The neighbor asked if I liked garlic (boy, do I!) and immediately got up to go over to his vegetable patch in the garden to pull out some fresh garlic for me to taste. While I was still chewing on the sweet and mild fresh garlic the kokoretsi and one of the lambs were taken from the fire and quickly chopped up and served to us. Of course, I did not want to be rude (Really! It’s not my insatiable hunger, or somethin’) so I just had to taste a piece (or three…) of the crunchy kokoretsi and salty, crispy lamb skin! Nothing can beat the flavor of meat that has been slowly roasting above a fire… so delicious!

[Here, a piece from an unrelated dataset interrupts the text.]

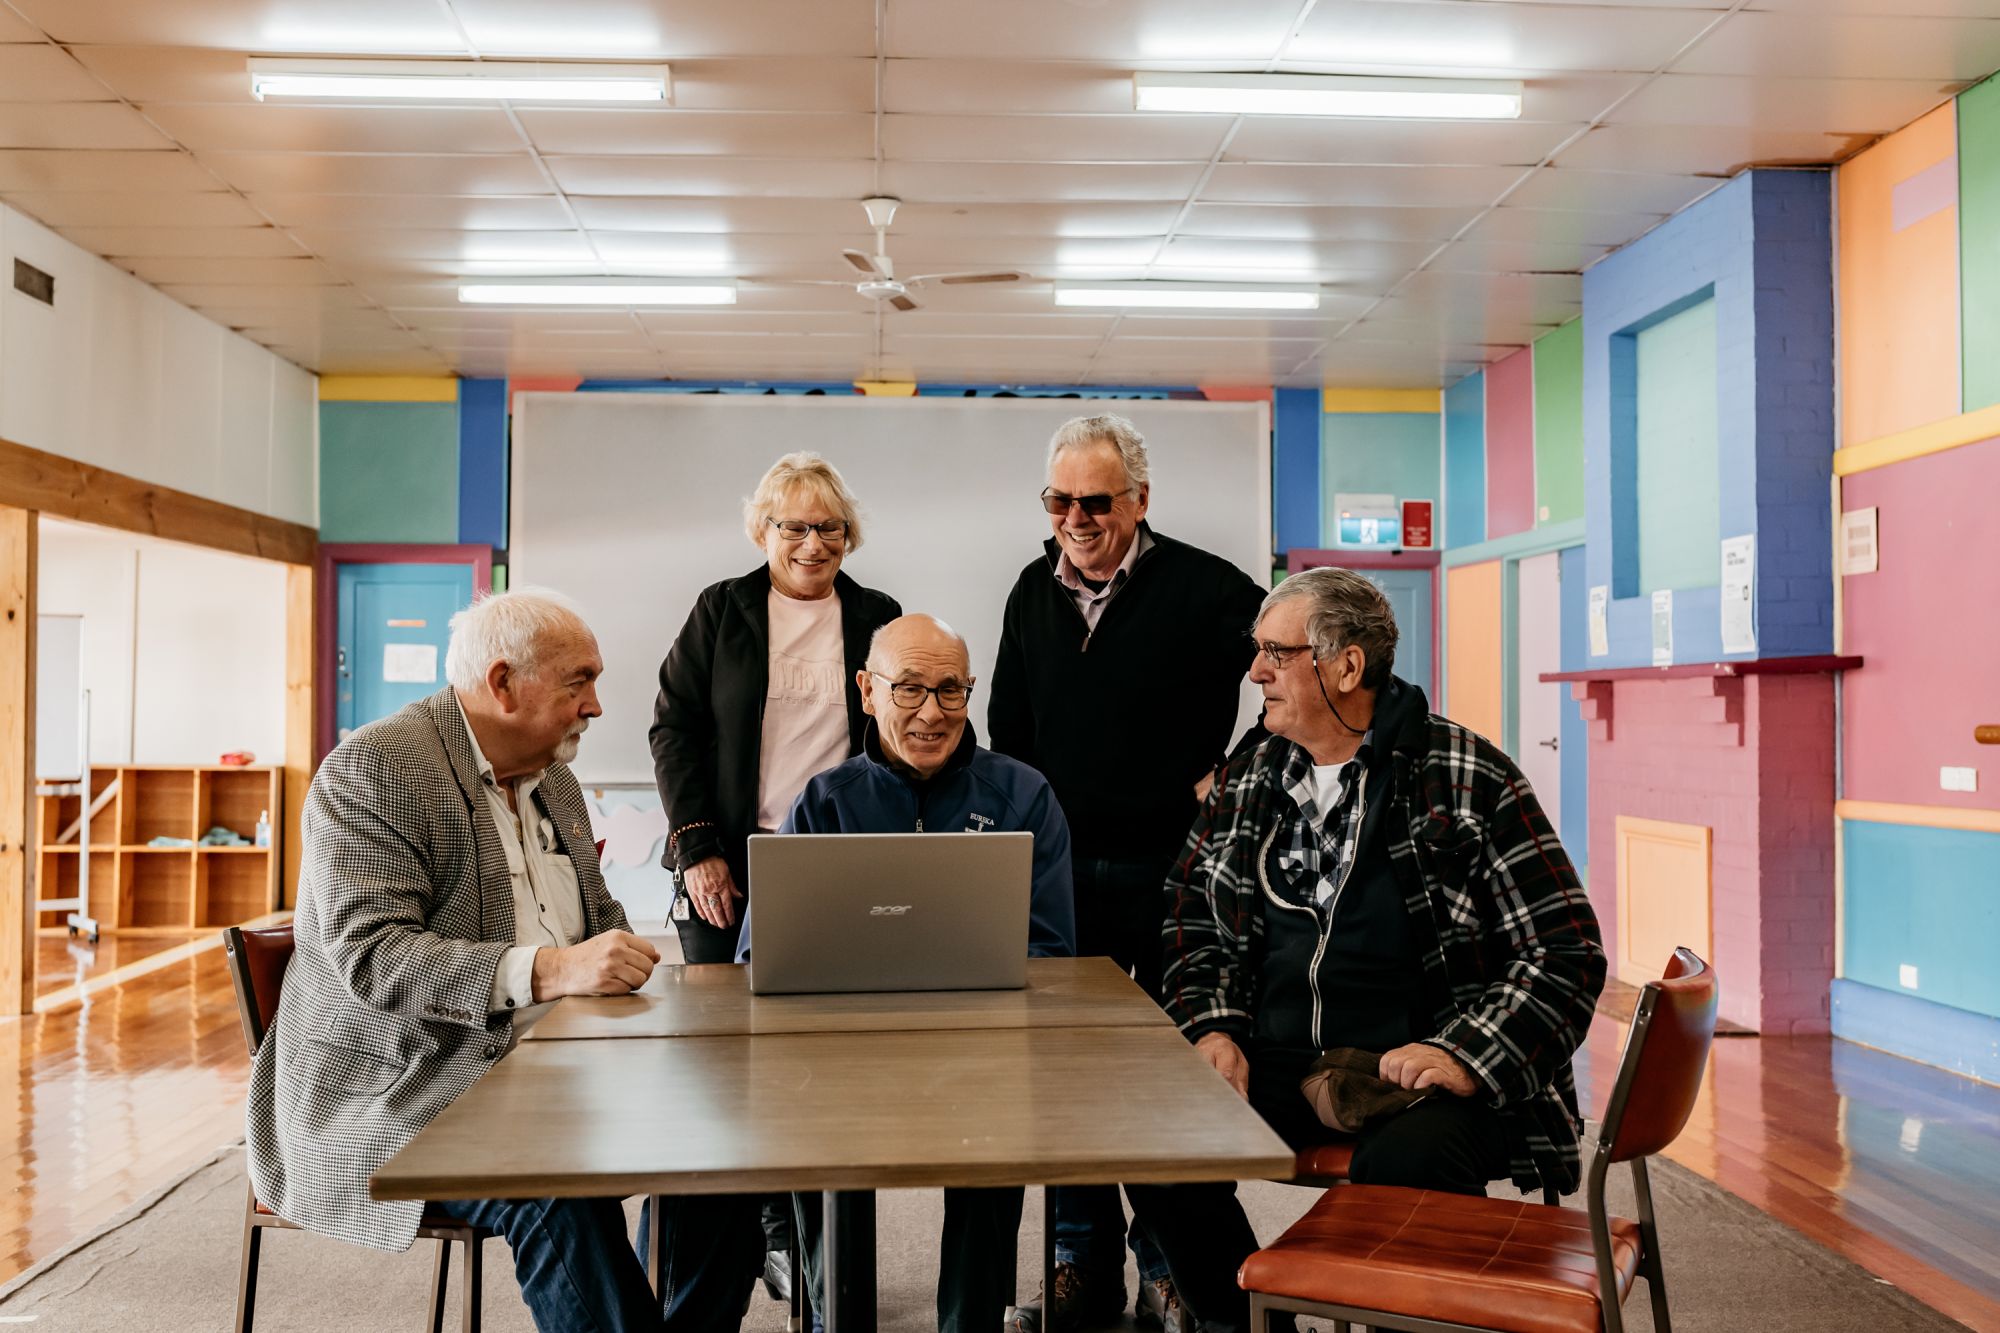 Group of community members around a computer

After being “force-fed” delicious garlic, creamy tzatziki, homemade feta, and kokoretsi we really had to excuse ourselves to go back home… to eat. While we had already had our share of lamb at the neighbor’s house our own oven-roasted lamb still really hit the spot! By slowly roasting it in the oven the meat had turned amazingly soft and juicy and it formed a great contrast to the crispier lamb served across the street. I really enjoy both styles of lamb and I wouldn’t be able to pick a favorite, particularly because the next day the leftover oven-roasted lamb was mixed with rice and slowly cooked in the oven again, which created the most rich and creamy rice-dish I have ever tasted! Alongside this rich rice-dish we were served another little kokoretsi, which had been roasting in the oven since early in the morning.


I felt like the celebrations would never stop! Though, unfortunately, they did the next day when we had to return to Athens. Sadly, now we have to wait until next year for the next Easter food and celebrations, though I might need a break from all that lamb now! Luckily, Easter also means it will be summer soon… which means more food adventures to come soon!